GPT-4o Transcribe Diarize, a transcription model that identifies who’s speaking when, enables transcripts that clearly associate audio segments with individual speakers. This feature produces the new diarized_json response format, providing you with precise speaker labels along with segment start and end timestamps.
What’s included:
Automatic Speaker Identification: GPT-4o Transcribe Diarize automatically detects and labels different speakers, simplifying multi-speaker audio transcription.
Speaker Reference Clips: Optionally enhance accuracy by providing short (2–10 second) reference audio clips for up to four known speakers
API Endpoint: Available through /v1/audio/transcriptions in the Transcription API.
Speaker diarization has been frequently requested by our developer community; this feature represents a meaningful improvement to existing transcription tools.
Awesome… We’ve been waiting for diarization from OpenAI.
But one main missing feature is preventing us from adopting this model.

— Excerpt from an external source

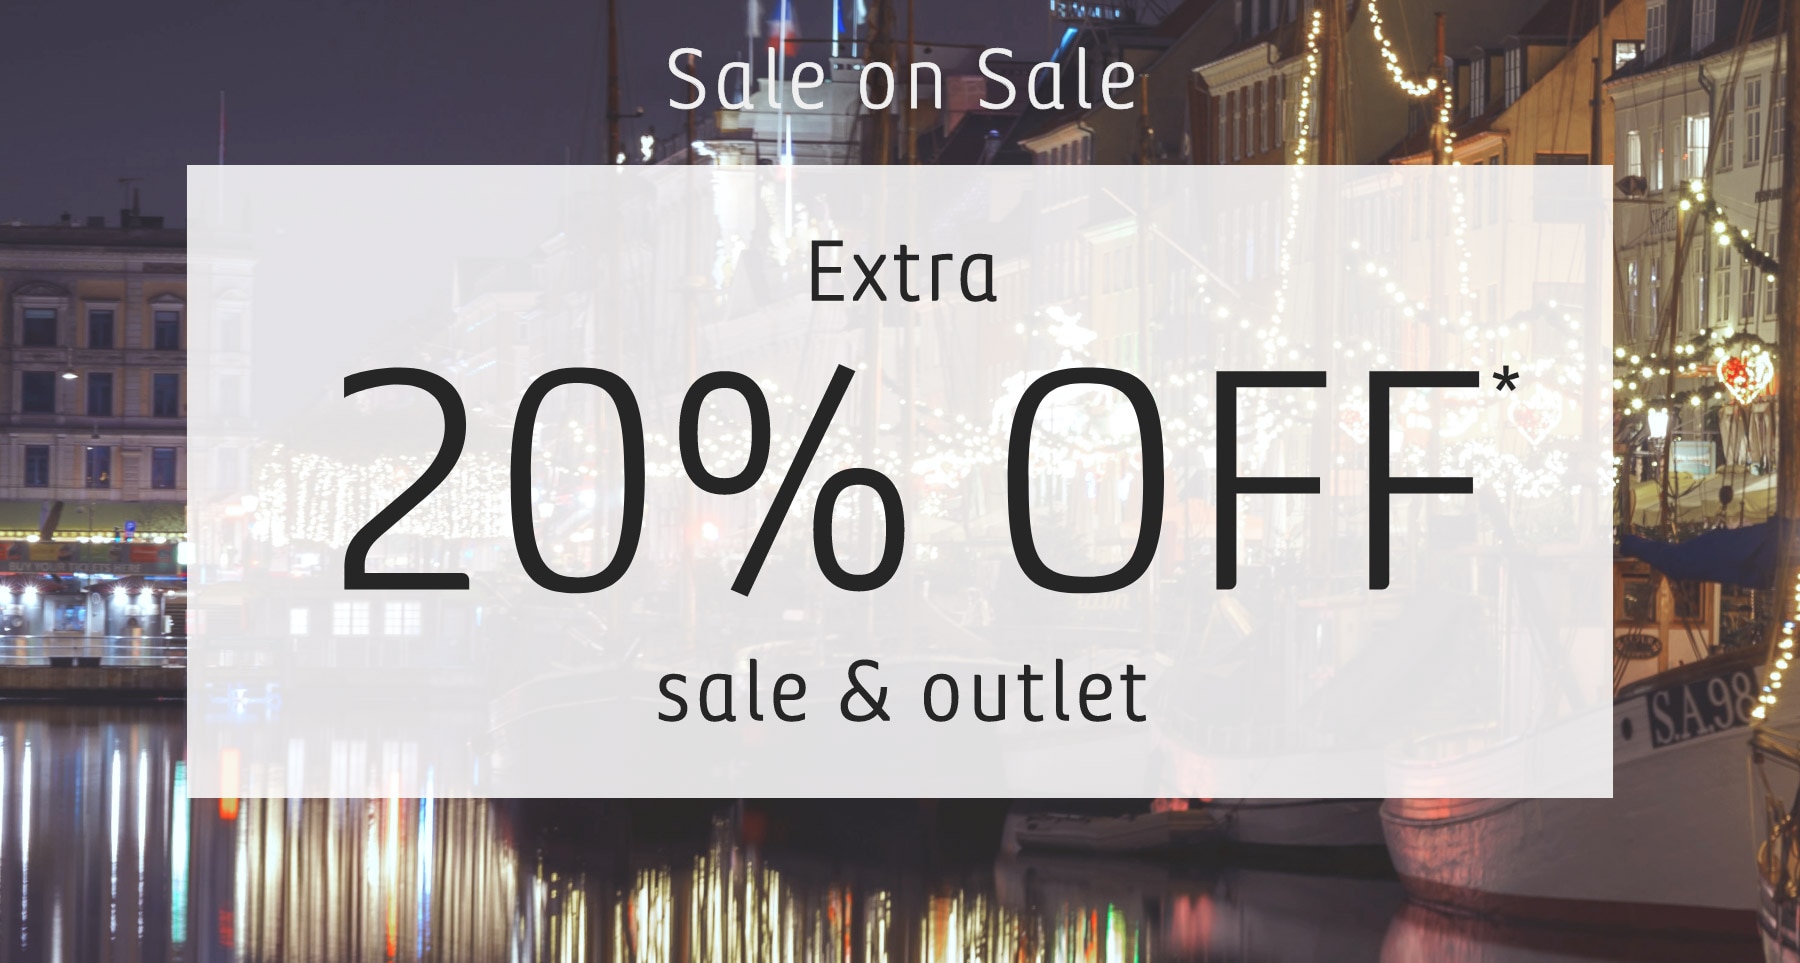 Sale on Sale Extra 20% OFF* sale & outlet

And that’s being able to define the maximum/minimum number of users. We love the known speakers capability, but limiting the users is a crucial feature for us as diarization models can a lot of times hallucinate more users than they are. So it’s important for accuracy of our product to ensure that doesn’t happen.
I did some testing. But the diarization model seems way worse than the old 4o transcribe model.
The new model skips over words that the old model didn’t. Anyone else see this?